Three model subsets were used to test the effects of different methods used for delineating wet areas that could support forested wetlands, including (1) wetlands layers (WETLANDS), (2) depth to water table (WETNESS), and (3) WETNESS x forest cover (WETxFOR). For the WETLANDS subset, we used wetland layers classified from aerial photography in both provinces (minimum mapping unit < 30 m) harmonized into five classes (tree, shrub, graminoid, aquatic, and water/exposed) based on the Canadian Wetlands Classification System (Warner and Rubec 1997; Appendix 2). The dominant wetland class type was extracted for each buffer.
For the WETNESS and WETxFOR subset, we used wet areas mapping (10 m resolution; Murphy et al. 2007, FWRC 2012) to measure average depth to water table (DTW) at both buffer sizes around each point count location. Depth to water table is a cartographic index derived from digital elevation models (Murphy et al. 2007). When compared with similar indices calculated using different algorithms (e.g., topographic wetness index, soil water index), DTW is more closely related to soil and vegetation type than the commonly used terrain wetness index, which is a function of elevation (Murphy et al. 2007, 2009, White et al. 2012) and performs better when used for modeling distribution of streams (White et al. 2012) and landbird species (Bale 2017). The DTW predicts small wetlands (i.e., < 1 ha) that are usually not visible in aerial photographs (Murphy et al. 2007) and delineates wet areas under vegetation cover more accurately (White et al. 2012). We considered DTW ≤ 1 m to be areas which may support forested wetlands because these values correspond to field-measured depth to water table in forested wetlands (FWRC 2012). Other extracted covariates included the proportion of DTW ≤ 1 m and standard deviation of DTW within the territory buffer.
Forest cover information was derived from the Common Attribute Schema for Forest Resource Inventories (CASFRI; minimum mapping unit < 50 m; Cumming et al. 2010, Cosco 2011), which combines provincial forest resource inventory databases into a comprehensive classification of attributes present across jurisdictions. From CASFRI, we extracted tree species composition (primary and secondary) and mean and standard deviation of canopy height and canopy closure within local and territory buffers. Percent tree species cover was converted into area (m²) covered within both local and territory buffers. Tree species were also reclassed to genus (see https://github.com/borealbirds for model code).
Mean landscape complexity was estimated for each territory buffer using a layer from Anderson et al. (2012), which estimates landscape complexity at three values (above average, average, or below average) based on combinations of three values: topography, elevation range, and moisture gradients. Landscape complexity was characterized as an index of the number and diversity of microsites available. The data layer was available at 90 m resolution.

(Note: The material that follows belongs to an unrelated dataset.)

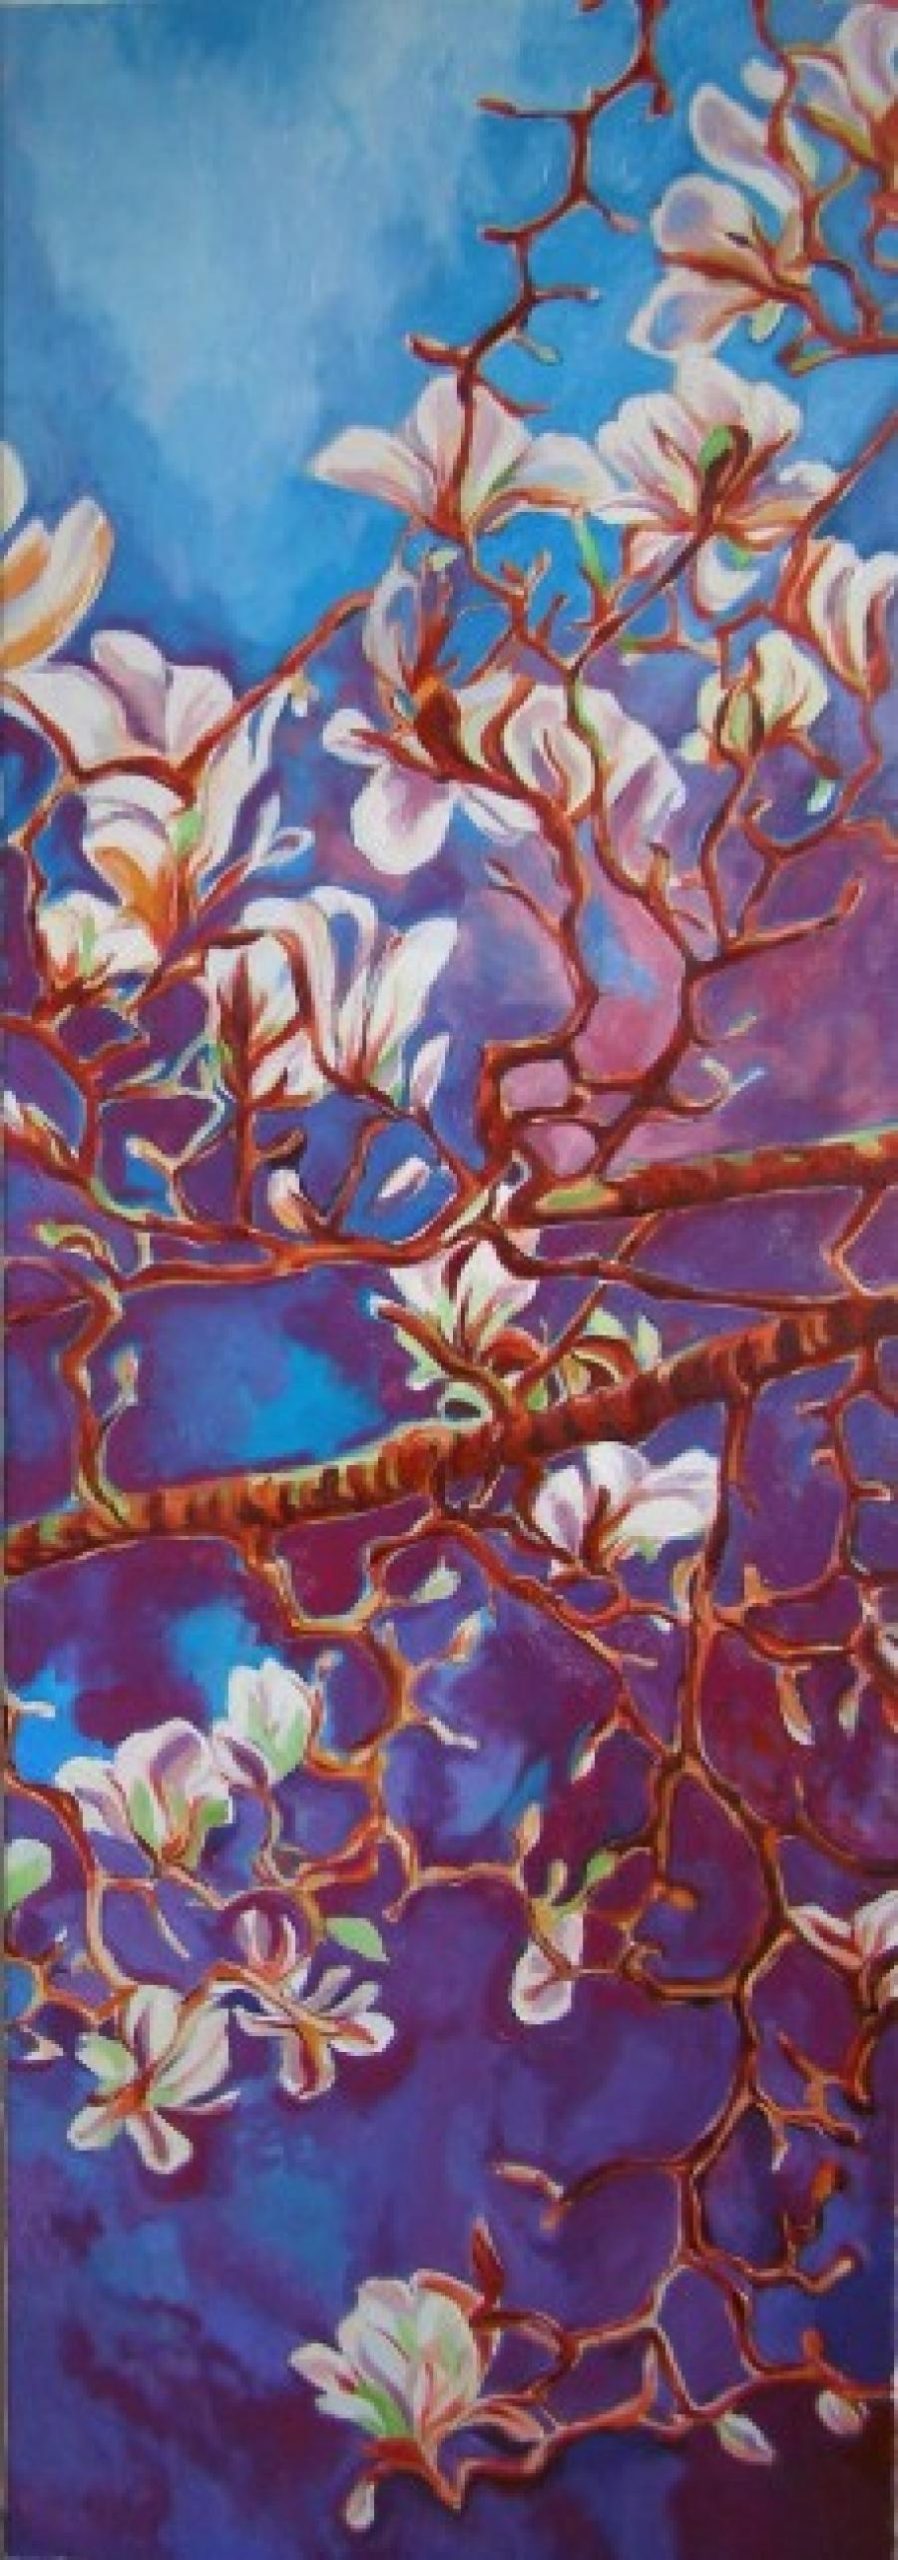 Kunst: Magnolia in paars van kunstenaar Sanneke S.I. Griepink

Disturbance information was acquired from both the CASFRI and Human Footprint (HF) mapping (90 m resolution; Woolmer et al. 2008). Using CASFRI, we calculated the proportion of territory buffer affected by each of the following disturbance types: clearcuts, partial cuts, burns, slides, windfalls, and unspecified disturbances. This information did not include time since disturbance. The HF is an index of disturbance from 1-100 based on standardized measures of human population density, land transformation, accessibility, and electrical infrastructure (Sanderson et al. 2002). We calculated average HF index within each territory buffer. Distance to the nearest road (m) was calculated for each point count location using the National Road Network (GC and NRCAN 2015).

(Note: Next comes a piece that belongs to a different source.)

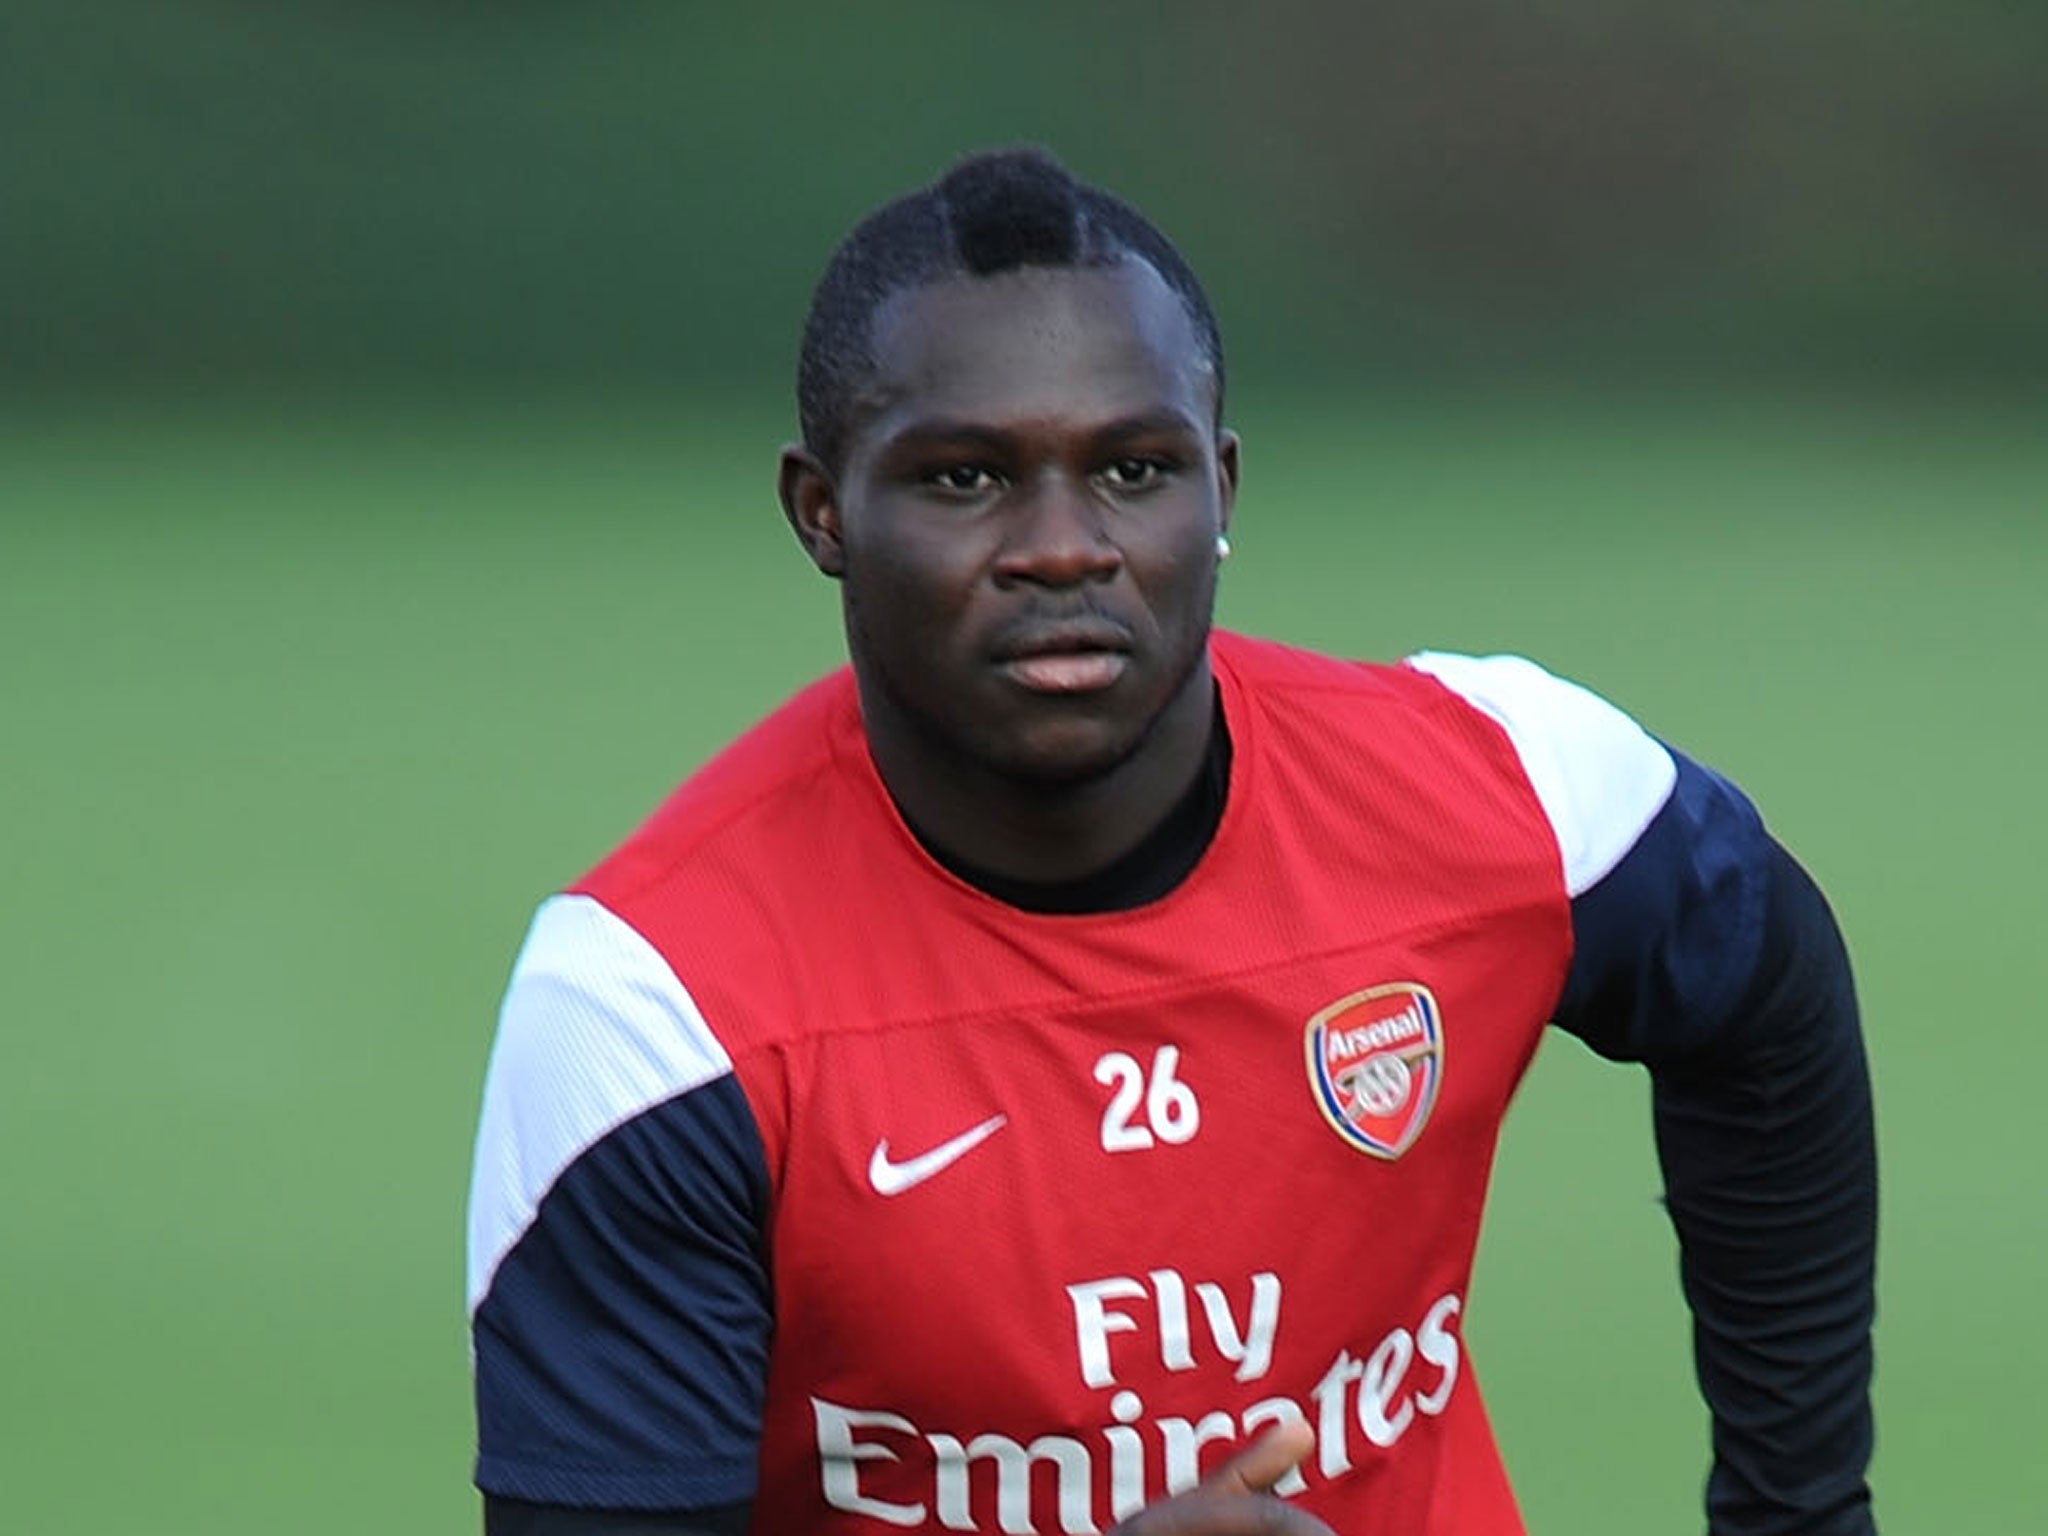 Emmanuel Frimpong trains with Arsenal last week

We calculated the mean index of landscape connectedness for each territory buffer based on a layer from Anderson and Clark (2012), who measured landscape connectedness at 90 m resolution as a continuous index based on the contiguity of cover types among what they considered natural ecosystems types. Finally, all point counts were intersected with park and protected area maps (including federal, provincial, and municipal protected areas), and classified as being on unprotected or protected lands.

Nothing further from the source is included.